### TO DO
The line holding "Clare - Orange Senior Knitted..." is the last one to output; start at the first line of the data, keep every line in between exactly, and leave out pictures.

### DATASET CONTENT
****************

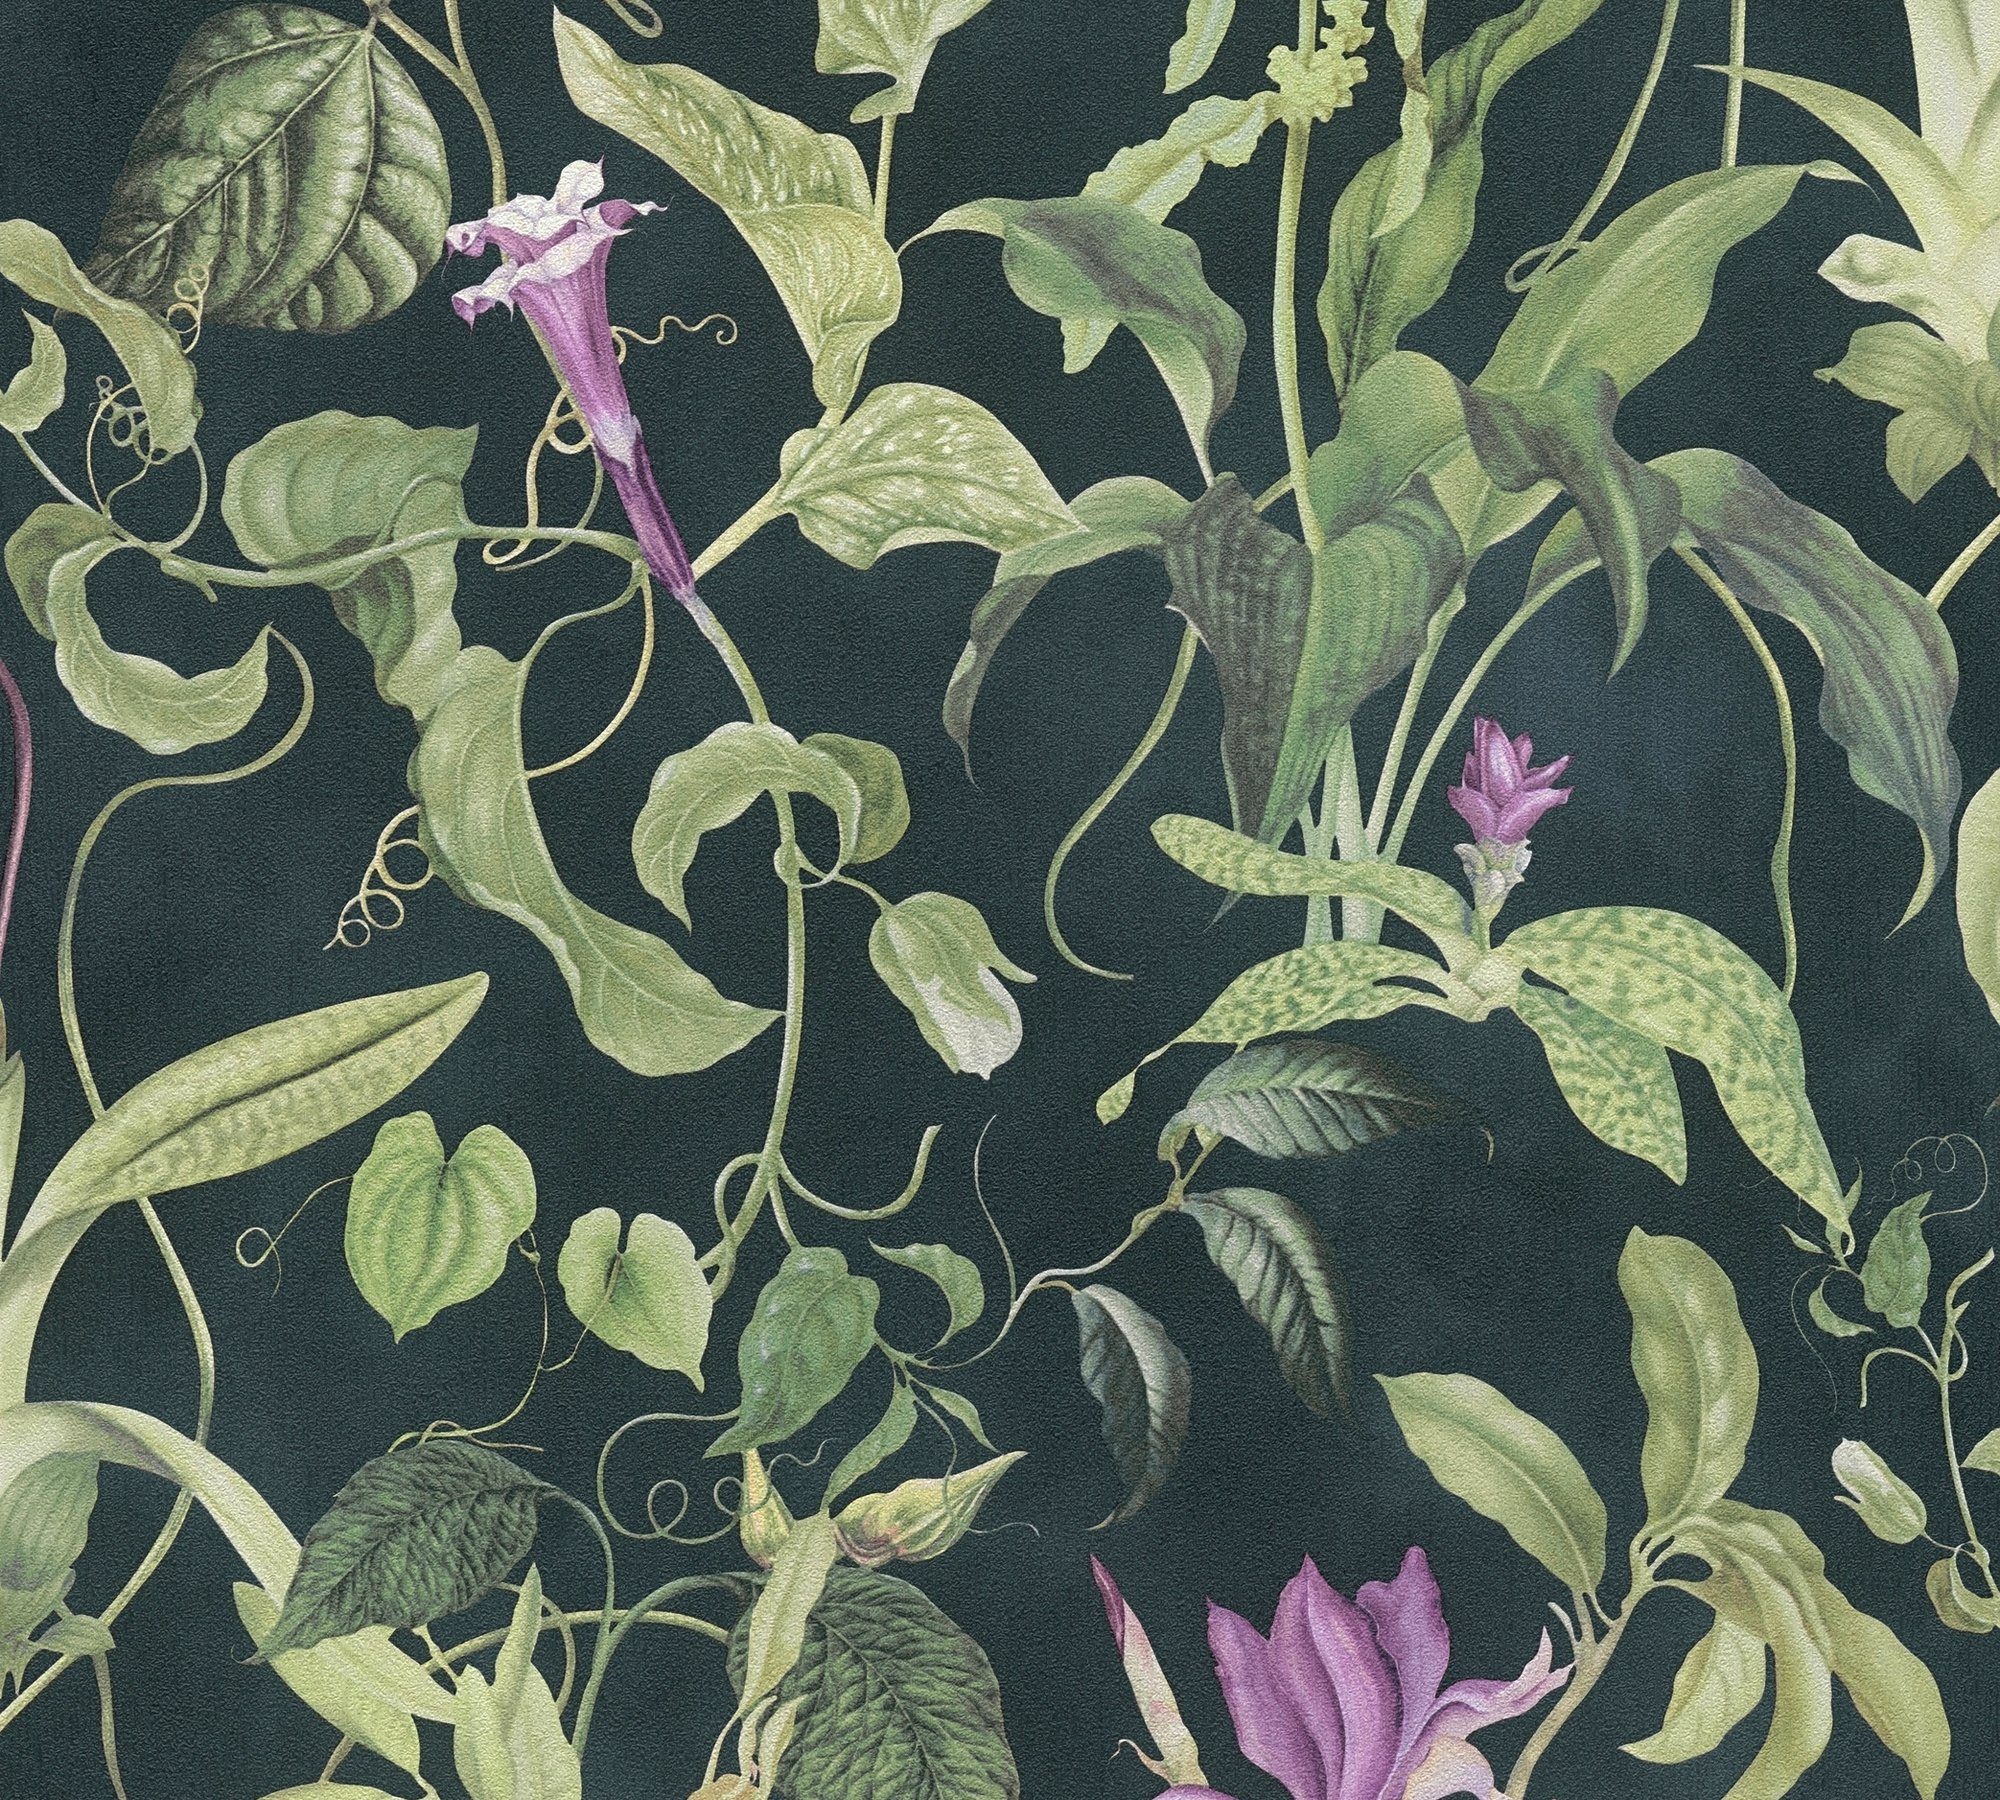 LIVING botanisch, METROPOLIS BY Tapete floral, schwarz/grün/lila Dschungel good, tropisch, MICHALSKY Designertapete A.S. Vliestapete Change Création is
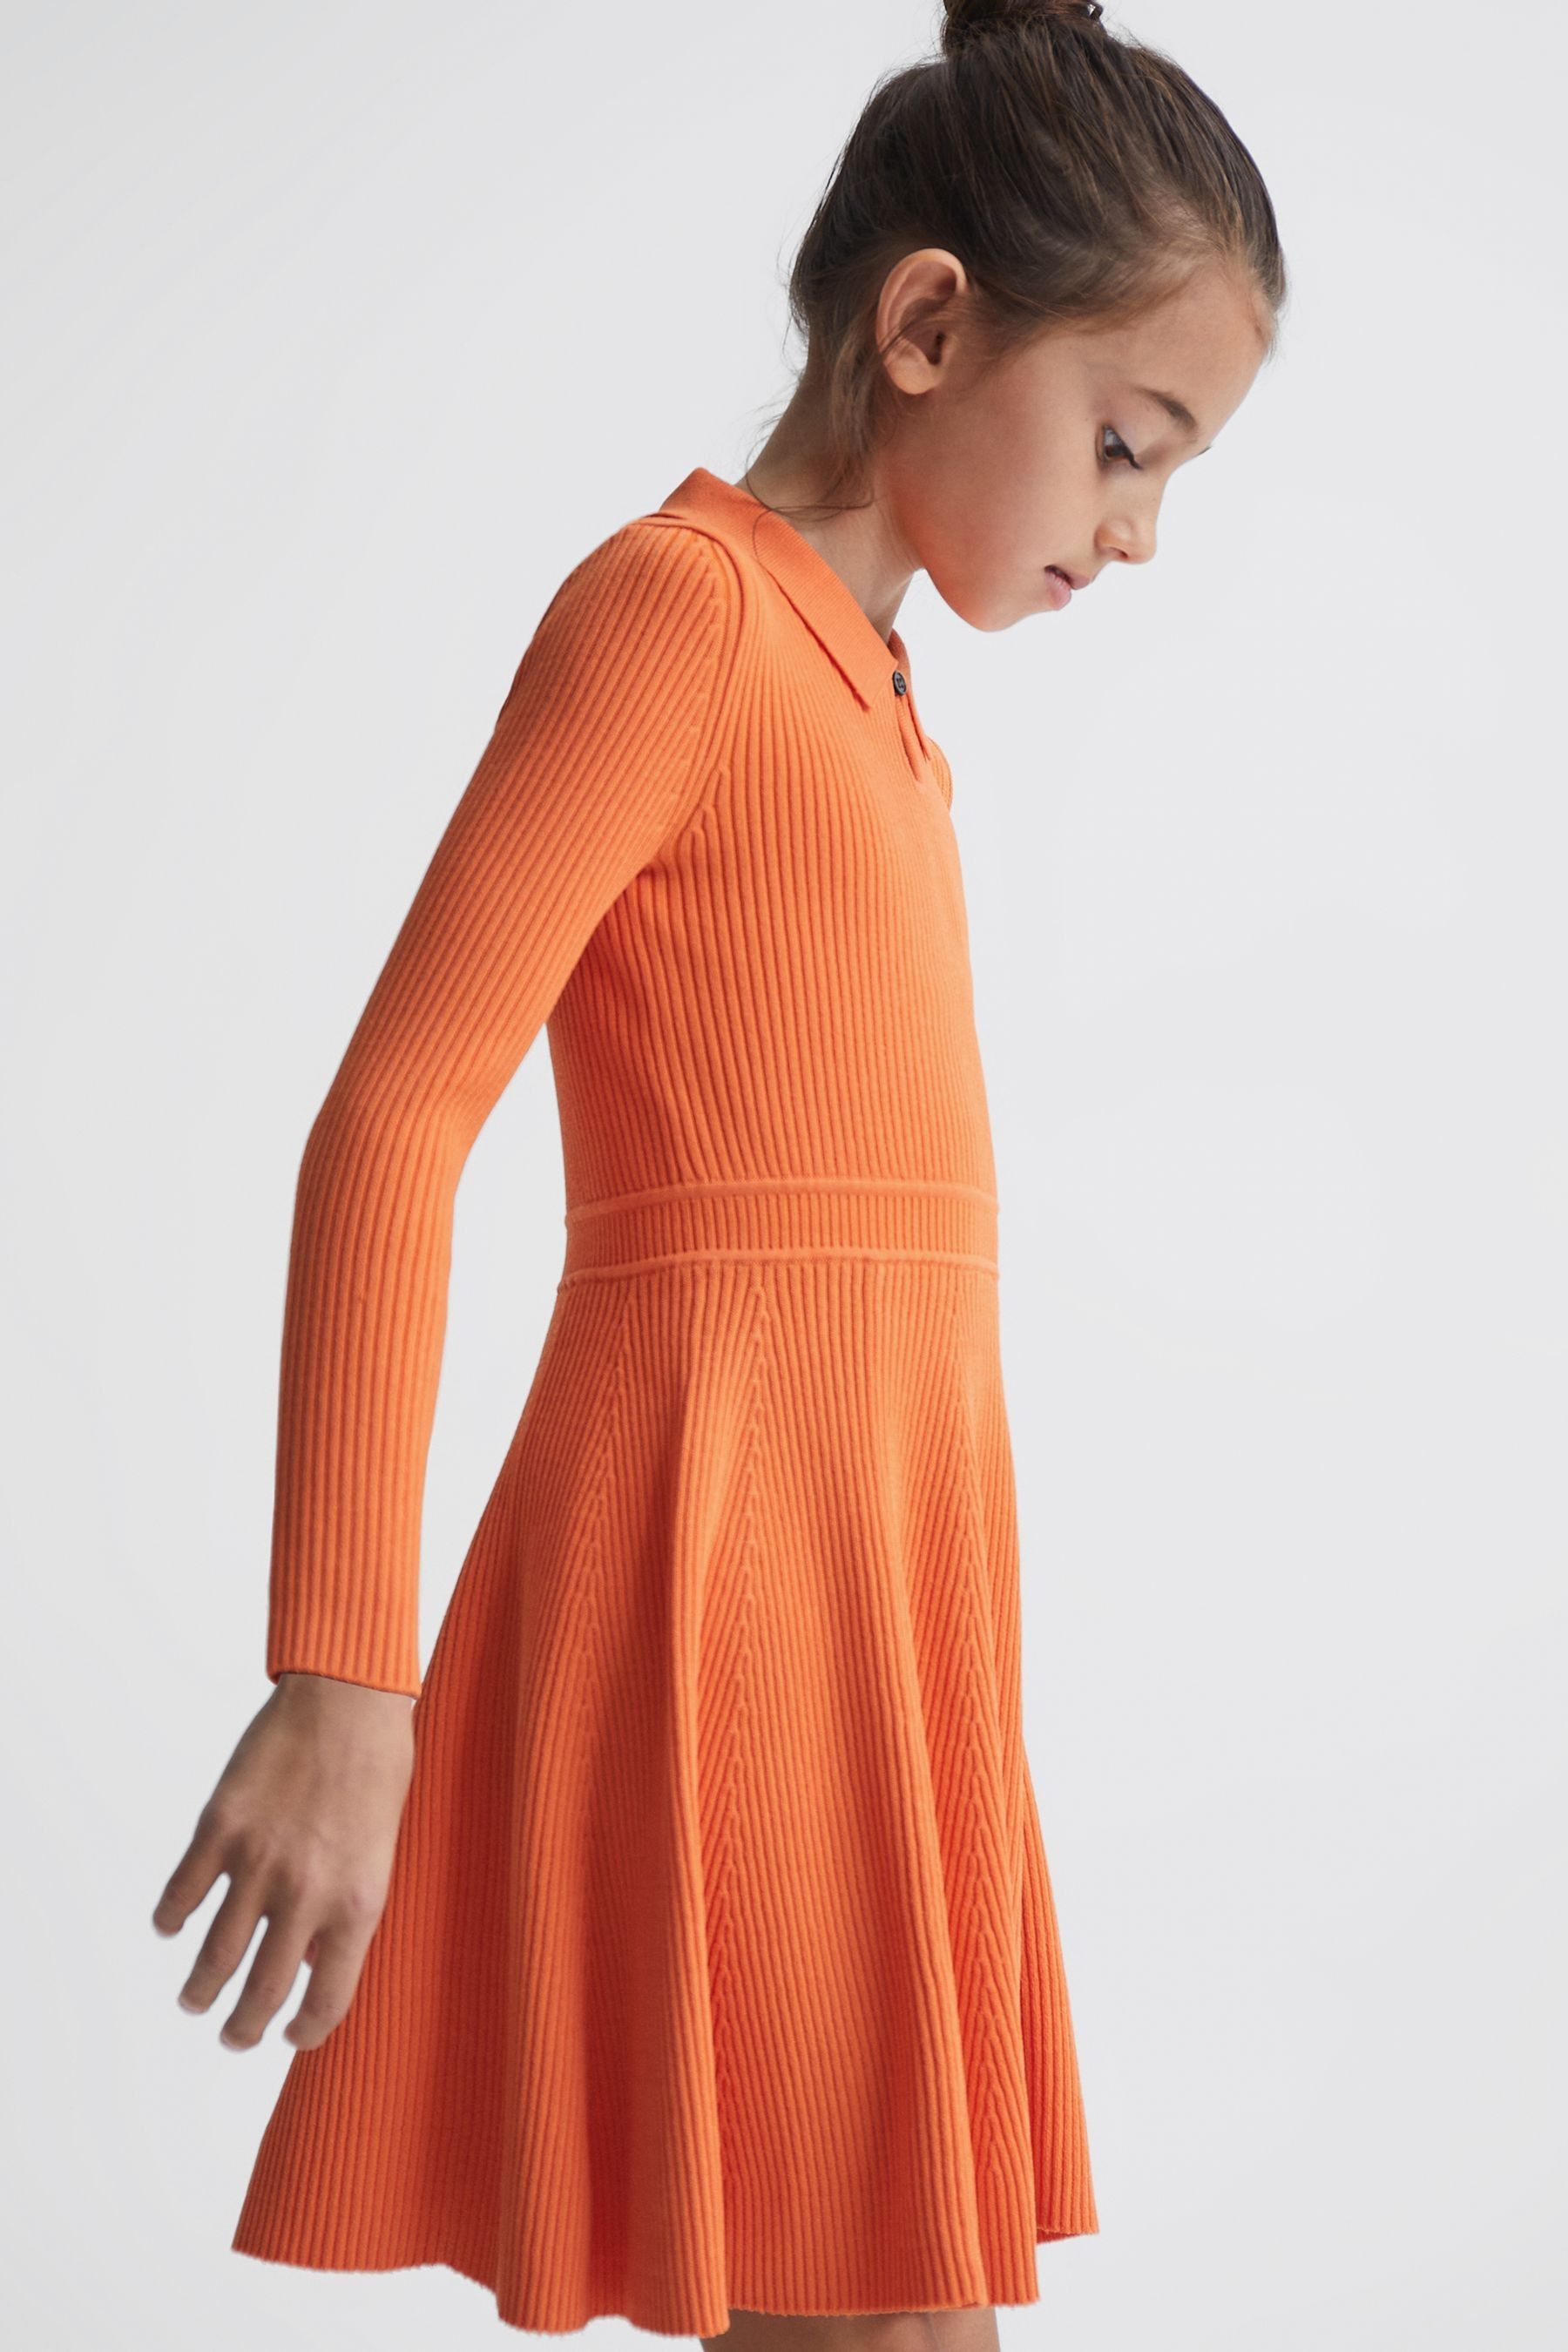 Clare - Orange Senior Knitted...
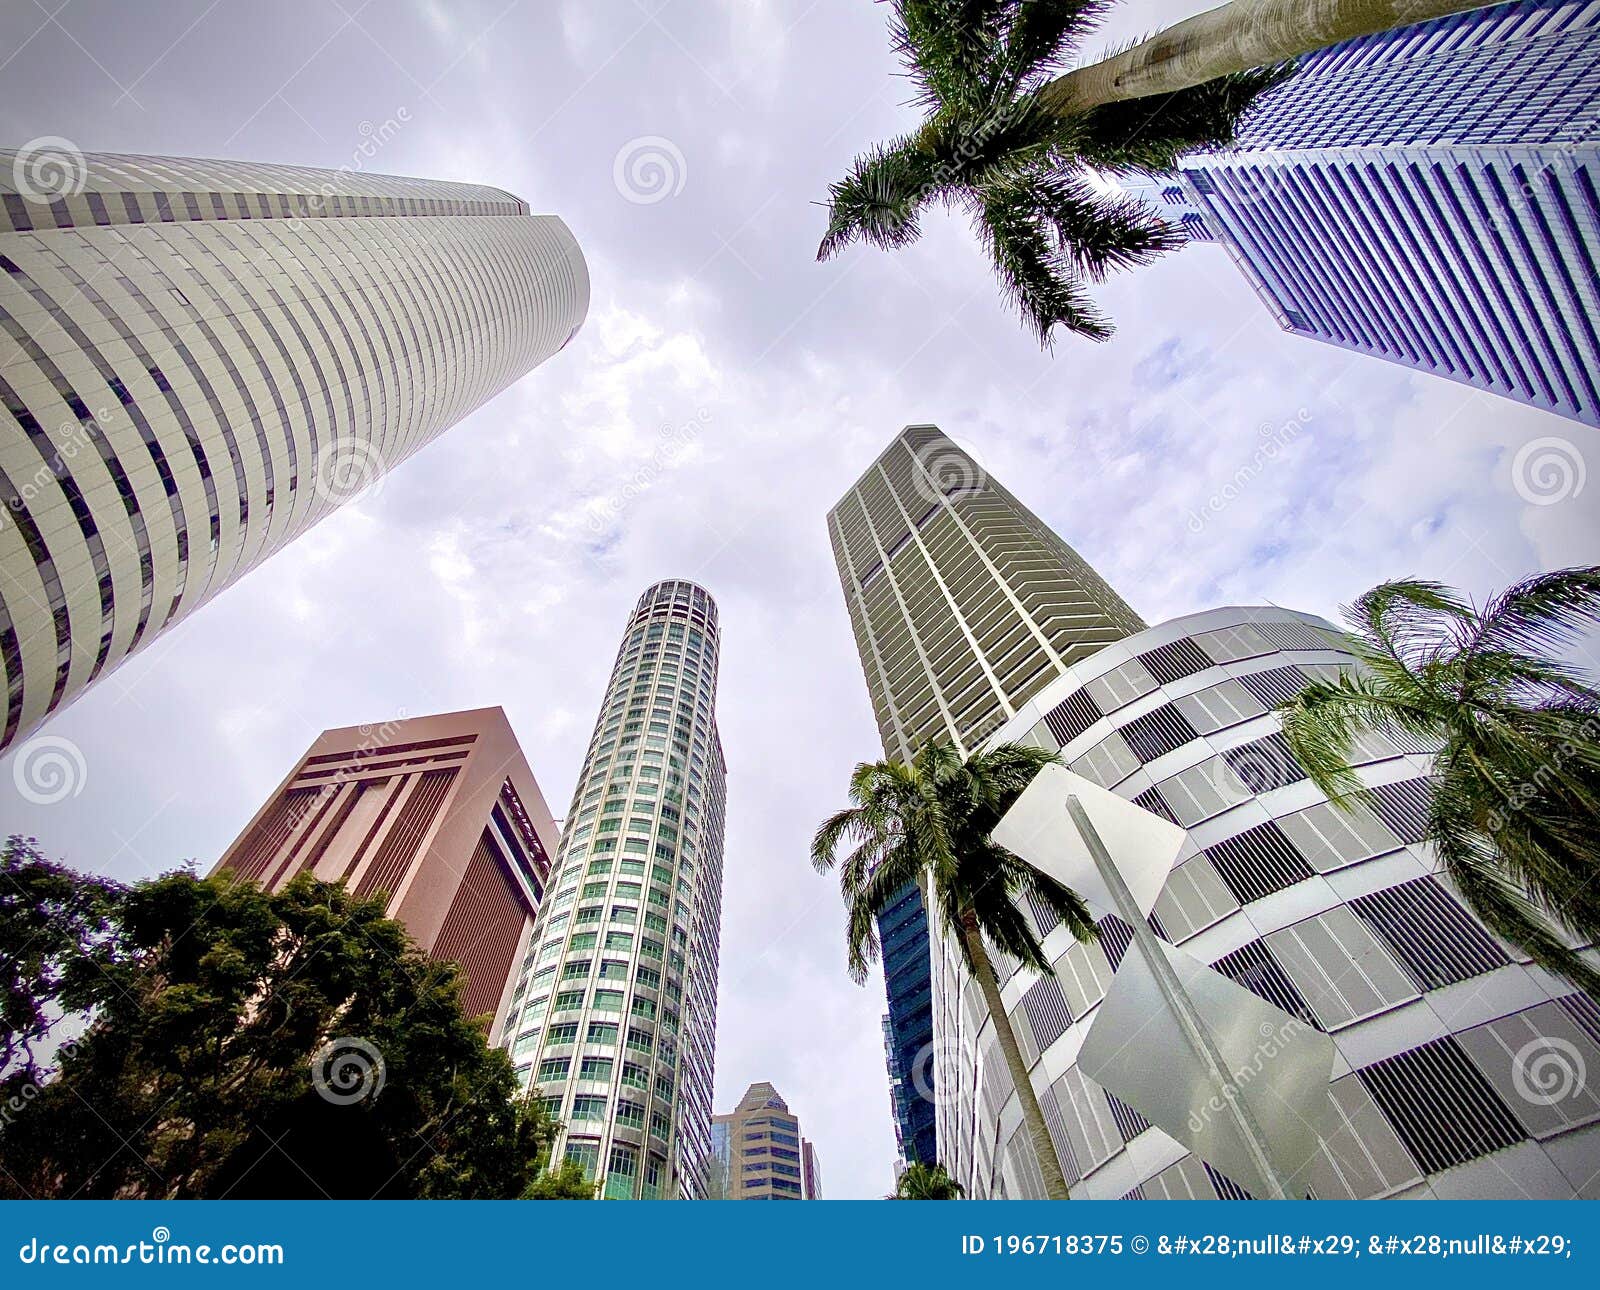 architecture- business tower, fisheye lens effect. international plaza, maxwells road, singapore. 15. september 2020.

****************

### SOLUTION
 LIVING botanisch, METROPOLIS BY Tapete floral, schwarz/grün/lila Dschungel good, tropisch, MICHALSKY Designertapete A.S. Vliestapete Change Création is
 Clare - Orange Senior Knitted...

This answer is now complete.